Just before noon the following Thursday, September 1, English astronomer Richard C. Carrington was sketching a curious group of sunspots—curious on account of the dark areas’ enormous size. At 11:18 a.m. he witnessed an intense white light flash from two locations within the sunspot group. He called out in vain to anyone in the observatory to come see the brief five-minute spectacle, but solitary astronomers seldom have an audience to share their excitement. Seventeen hours later in the Americas a second wave of auroras turned night to day as far south as Panama. People could read the newspaper by their crimson and green light. Gold miners in the Rocky Mountains woke up and ate breakfast at 1 a.m., thinking the sun had risen on a cloudy day. Telegraph systems became unusable across Europe and North America.
The news media of the day looked for researchers able to explain the phenomena, but at the time scientists scarcely understood auroral displays at all. Were they meteoritic matter from space, reflected light from polar icebergs or a high-altitude version of lightning? It was the Great Aurora of 1859 itself that ushered in a new paradigm. The October 15 issue of Scientific American noted that ‘‘a connection between the northern lights and forces of electricity and magnetism is now fully established.” Work since then has established that auroral displays ultimately originate in violent events on the sun, which fire off huge clouds of plasma and momentarily disrupt our planet’s magnetic field.

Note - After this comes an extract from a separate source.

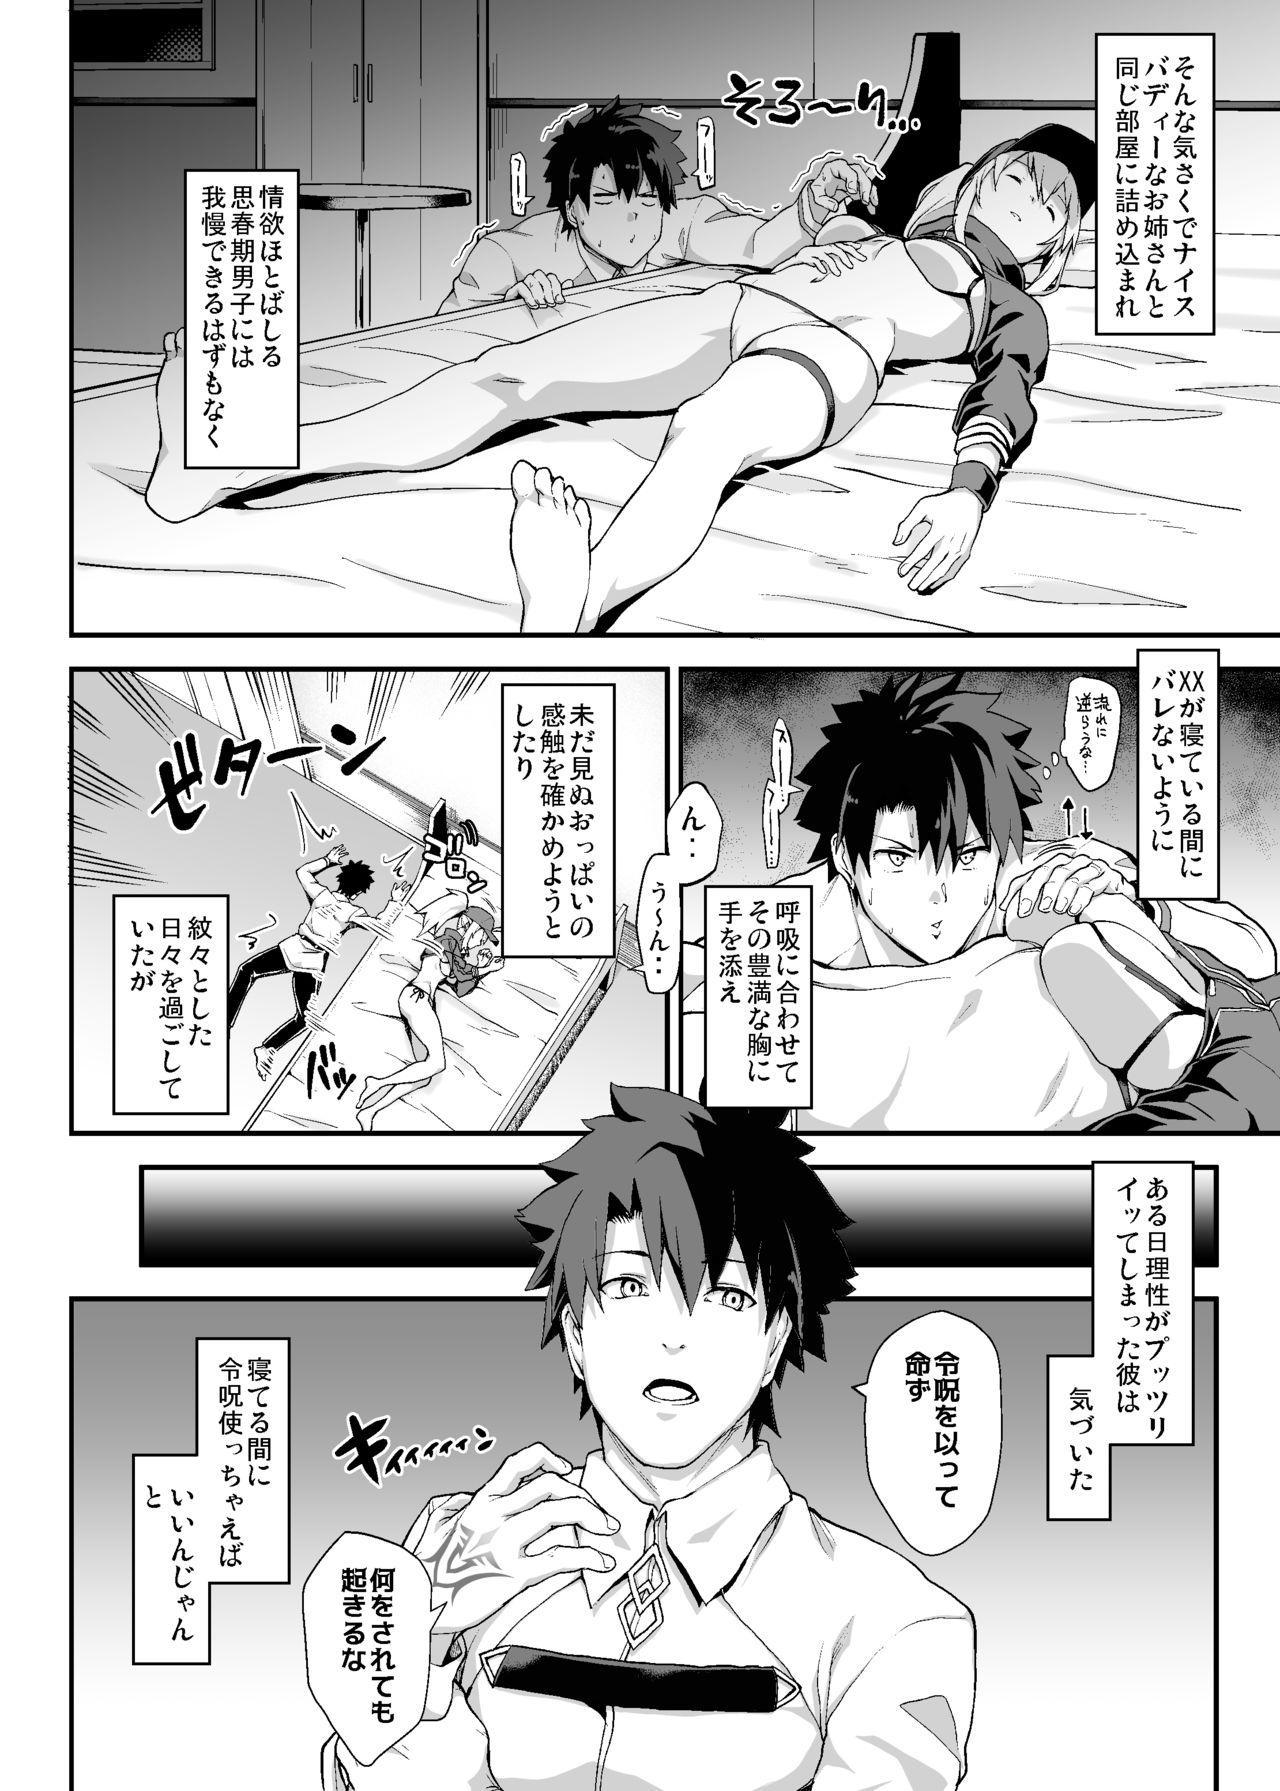 Sore wa Kyorikan ga Chikasugiru Heroine XX ga Warui yo 2
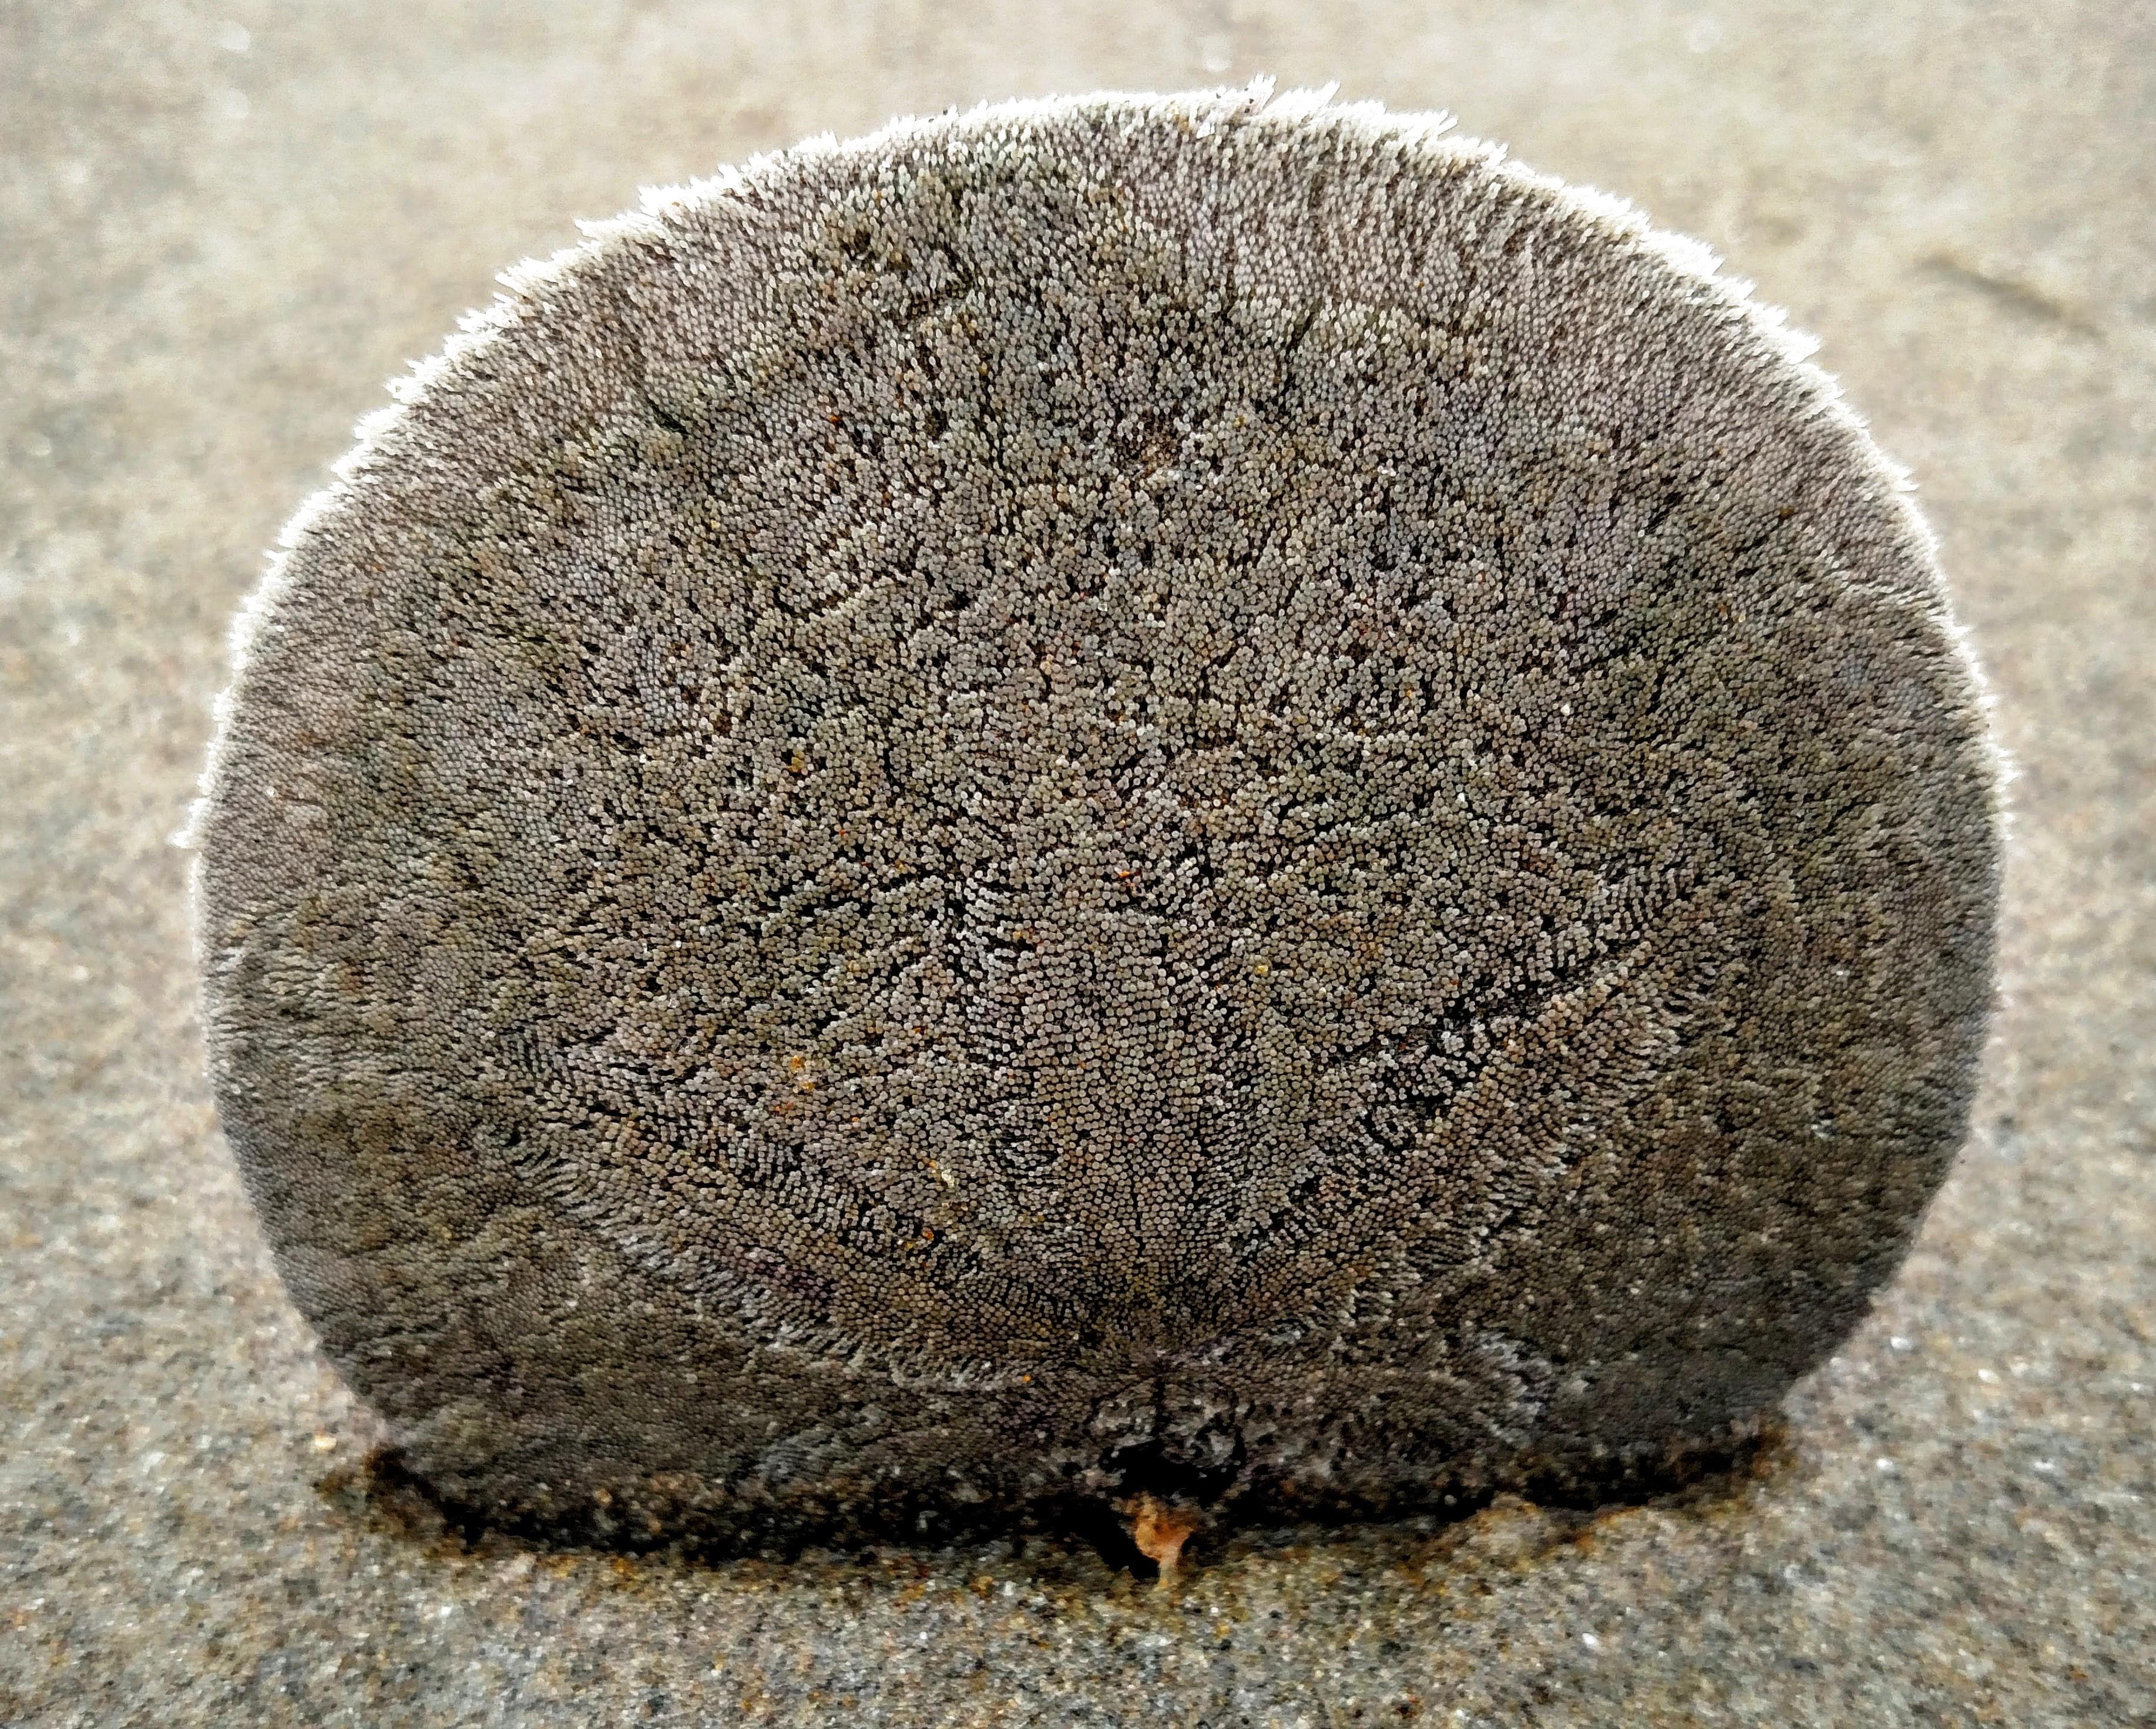 Eccentric Sand Dollar

The impact of the 1859 storm was muted only by the infancy of our technological civilization at that time. Were it to happen today, it could severely damage satellites, disable radio communications and cause continent-wide electrical blackouts that would require weeks or longer to recover from. Although a storm of that magnitude is a comfortably rare once-in-500-years event, those with half its intensity hit every 50 years or so. The last one, which occurred on November 13, 1960, led to worldwide geomagnetic disturbances and radio outages. If we make no preparations, by some calculations the direct and indirect costs of another superstorm could equal that of a major hurricane or earthquake.
The Big One
The number of sunspots, along with other signs of solar magnetic activity, waxes and wanes on an 11-year cycle. The current cycle began this past January; over the coming half a decade, solar activity will ramp up from its current lull. During the previous 11 years, 21,000 flares and 13,000 clouds of ionized gas, or plasma, exploded from the sun’s surface. These phenomena, collectively termed solar storms, arise from the relentless churning of solar gases. In some ways, they are scaled-up versions of terrestrial storms, with the important difference that magnetic fields lace the solar gases that sculpt and energize them. Flares are analogous to lightning storms; they are bursts of energetic particles and intense x-rays resulting from changes in the magnetic field on a relatively small scale by the sun’s standards, spanning thousands of kilometers. So-called coronal mass ejections (CMEs) are analogous to hurricanes; they are giant magnetic bubbles, millions of kilometers across, that hurl billion-ton plasma clouds into space at several million kilometers per hour.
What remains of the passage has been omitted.